Reproduce only what runs from the line containing "Mascha Halberstad winnaar" to the line containing "Gráfico que muestra" in the records below, inclusive. Keep it exact, and keep the pictures out.
** EXTRACTED MATERIAL follows **
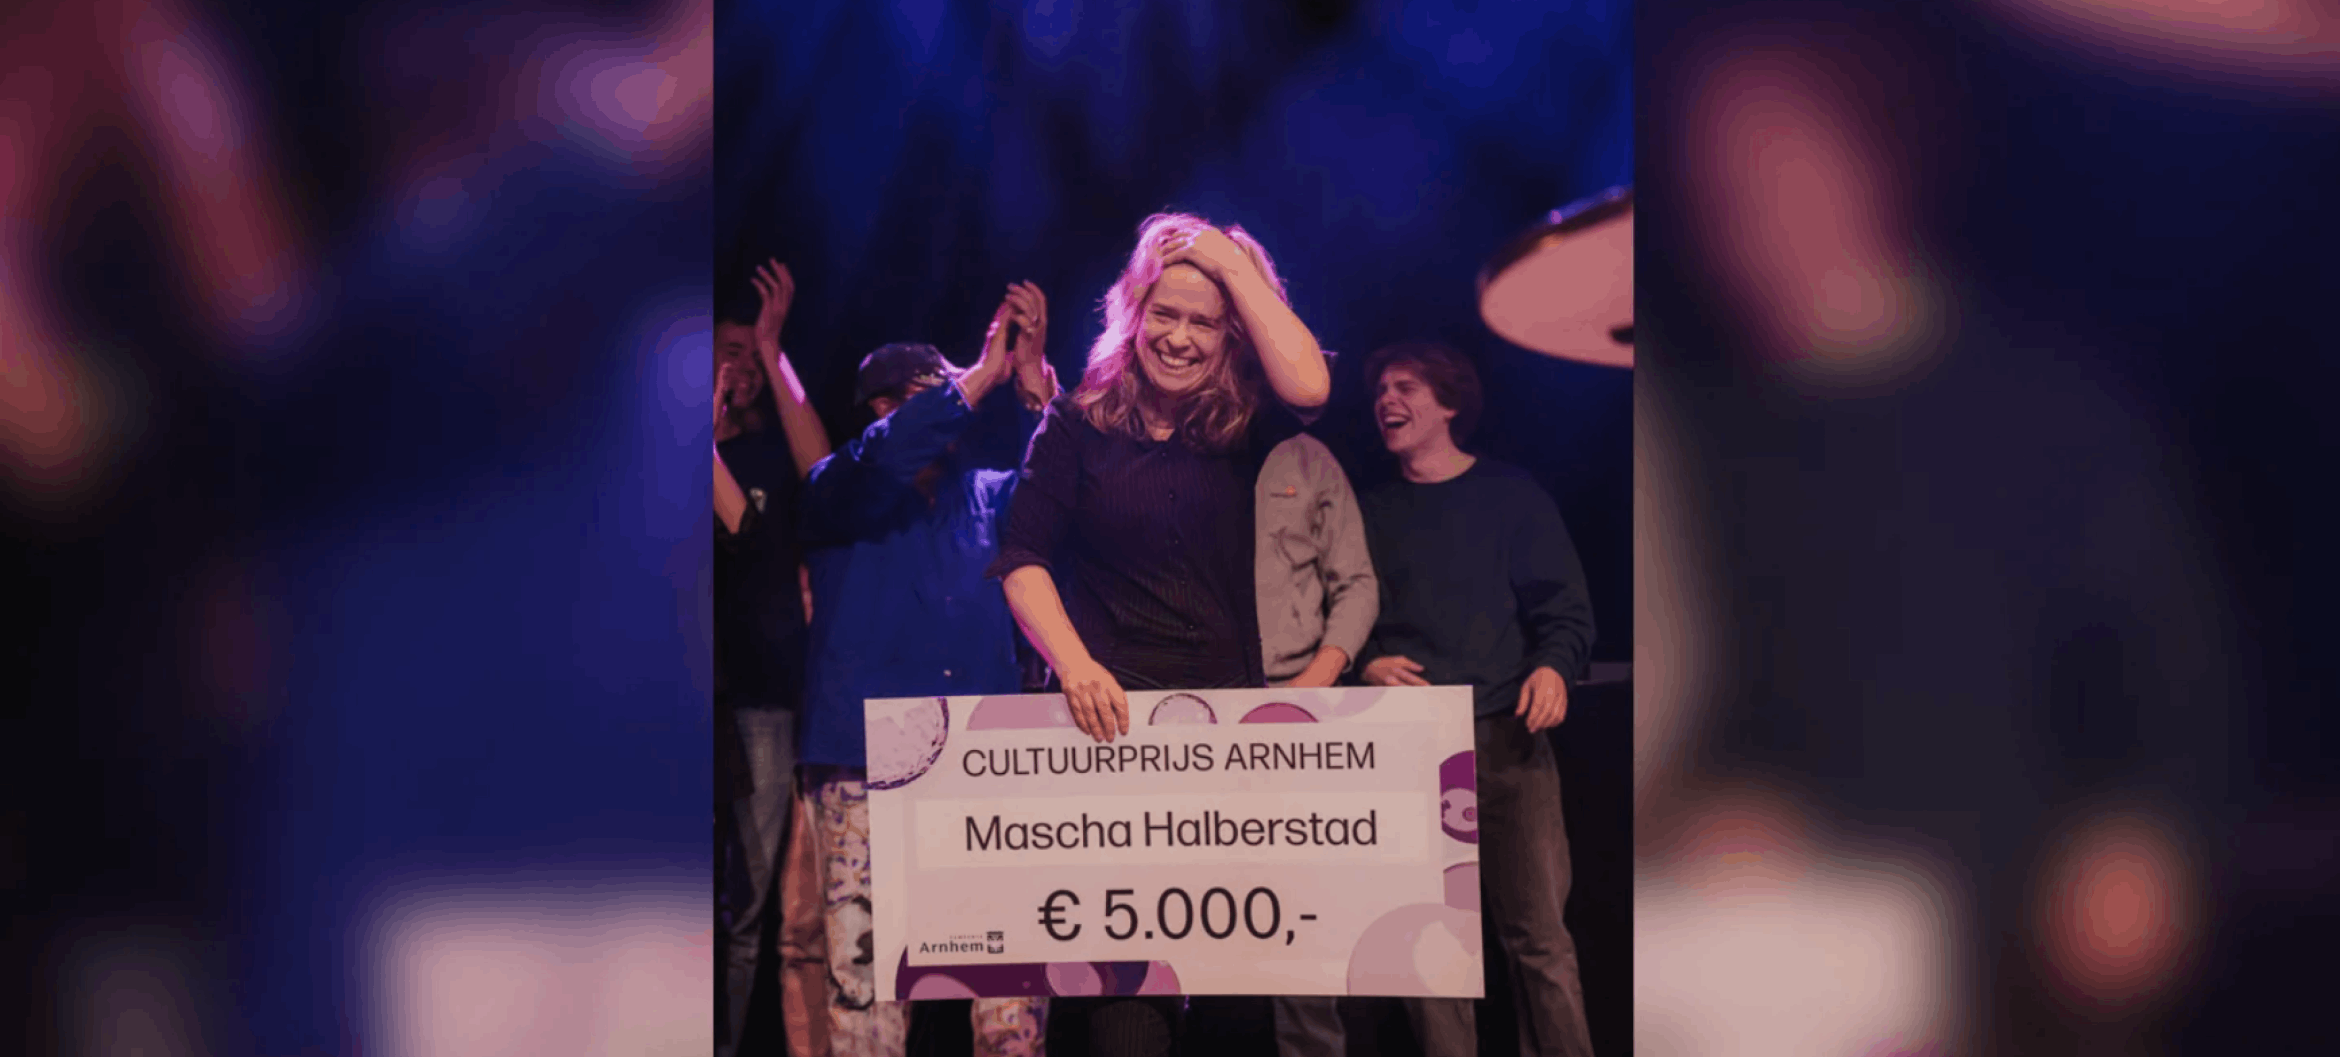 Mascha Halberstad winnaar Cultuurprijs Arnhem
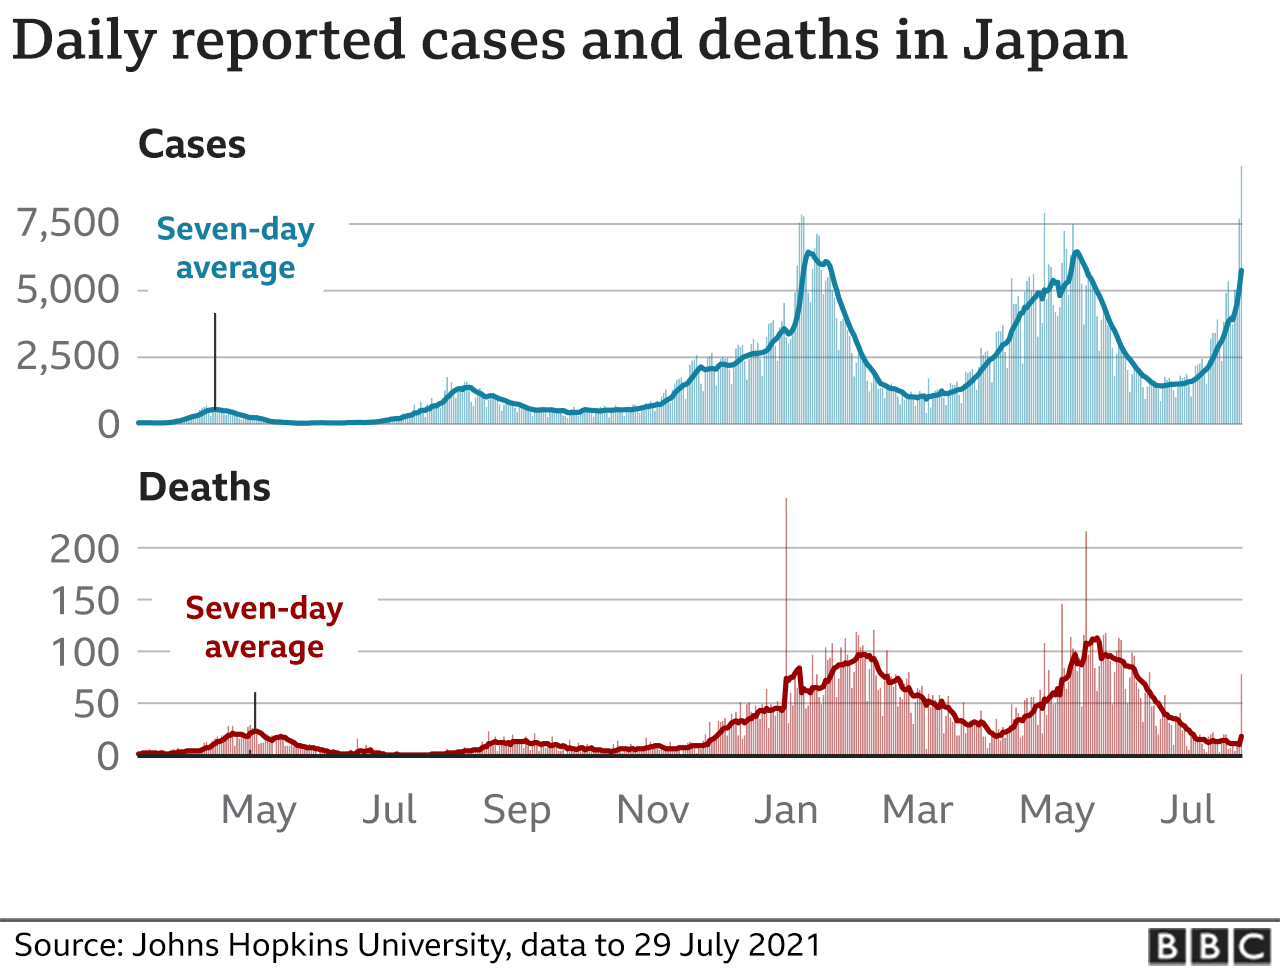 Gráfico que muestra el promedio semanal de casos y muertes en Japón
** End of EXTRACTED MATERIAL **
** EXTRACTED MATERIAL follows **
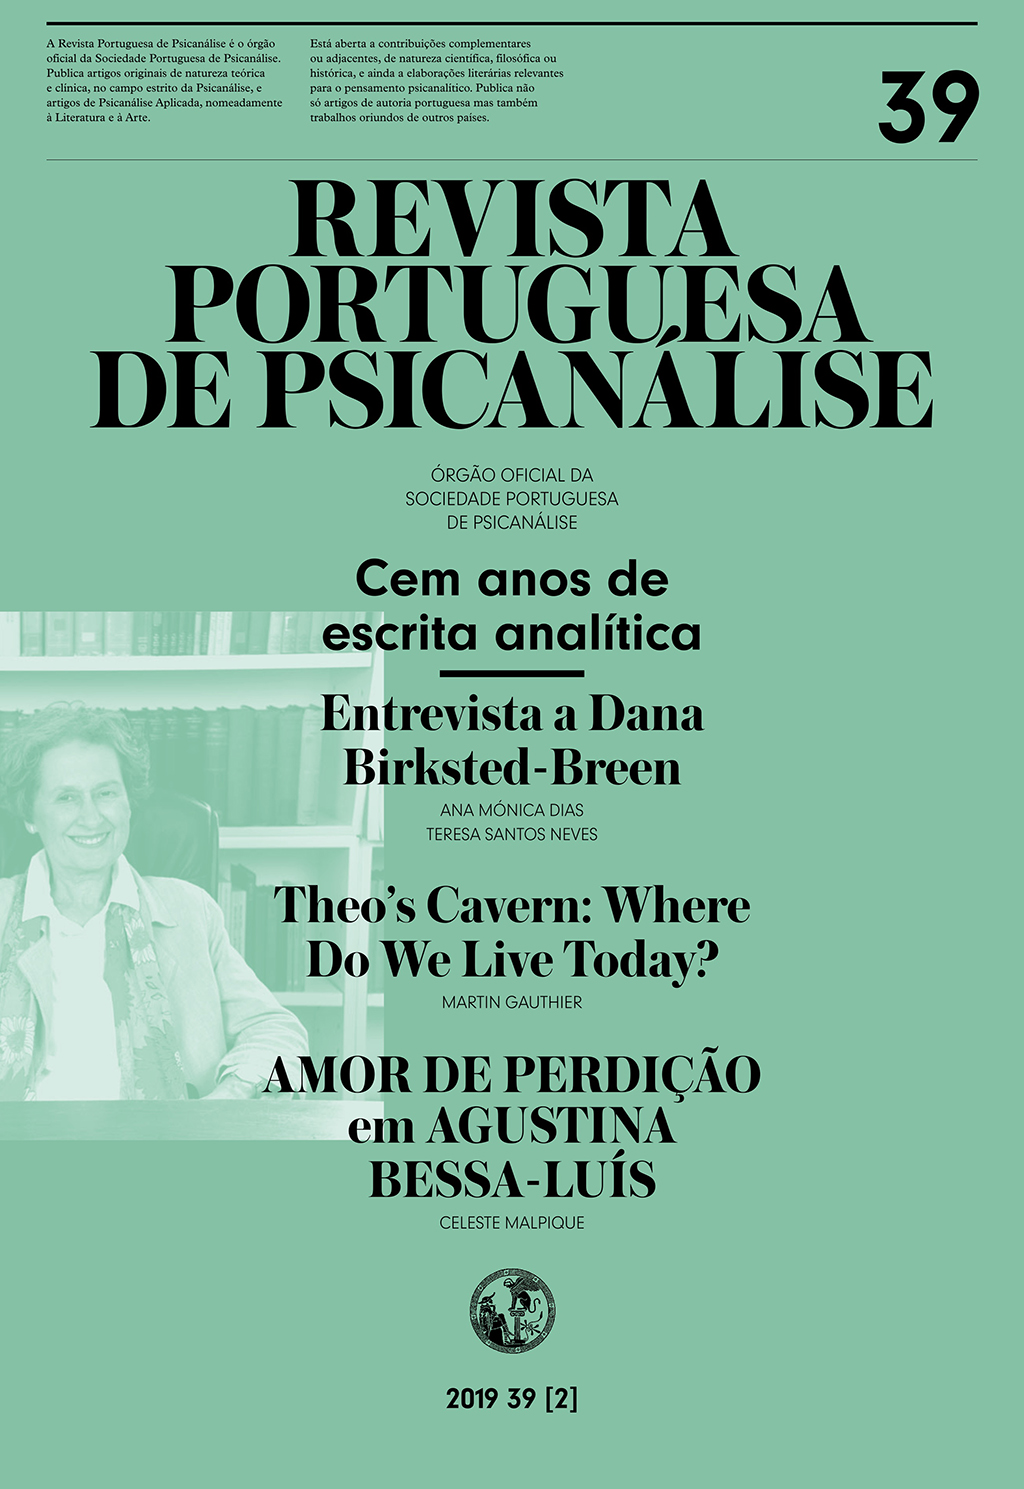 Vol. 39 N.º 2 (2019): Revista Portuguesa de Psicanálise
** End of EXTRACTED MATERIAL **
** EXTRACTED MATERIAL follows **
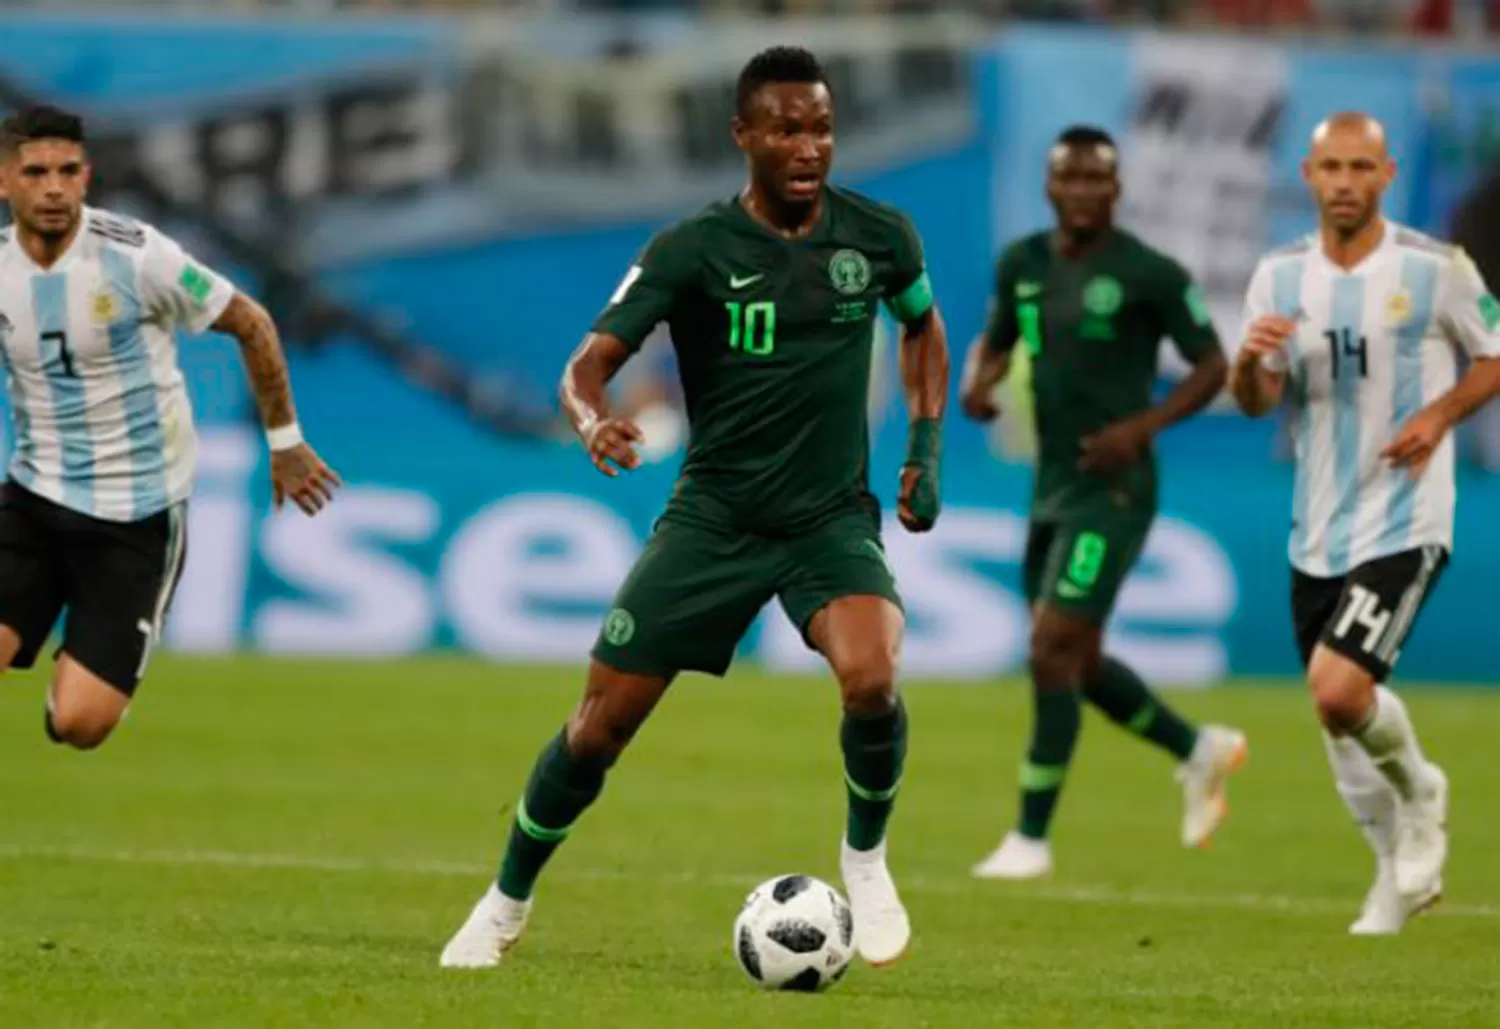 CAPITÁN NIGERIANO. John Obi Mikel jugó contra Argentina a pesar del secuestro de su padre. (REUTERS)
** End of EXTRACTED MATERIAL **
— SOLUTION —
 Mascha Halberstad winnaar Cultuurprijs Arnhem
 Gráfico que muestra el promedio semanal de casos y muertes en Japón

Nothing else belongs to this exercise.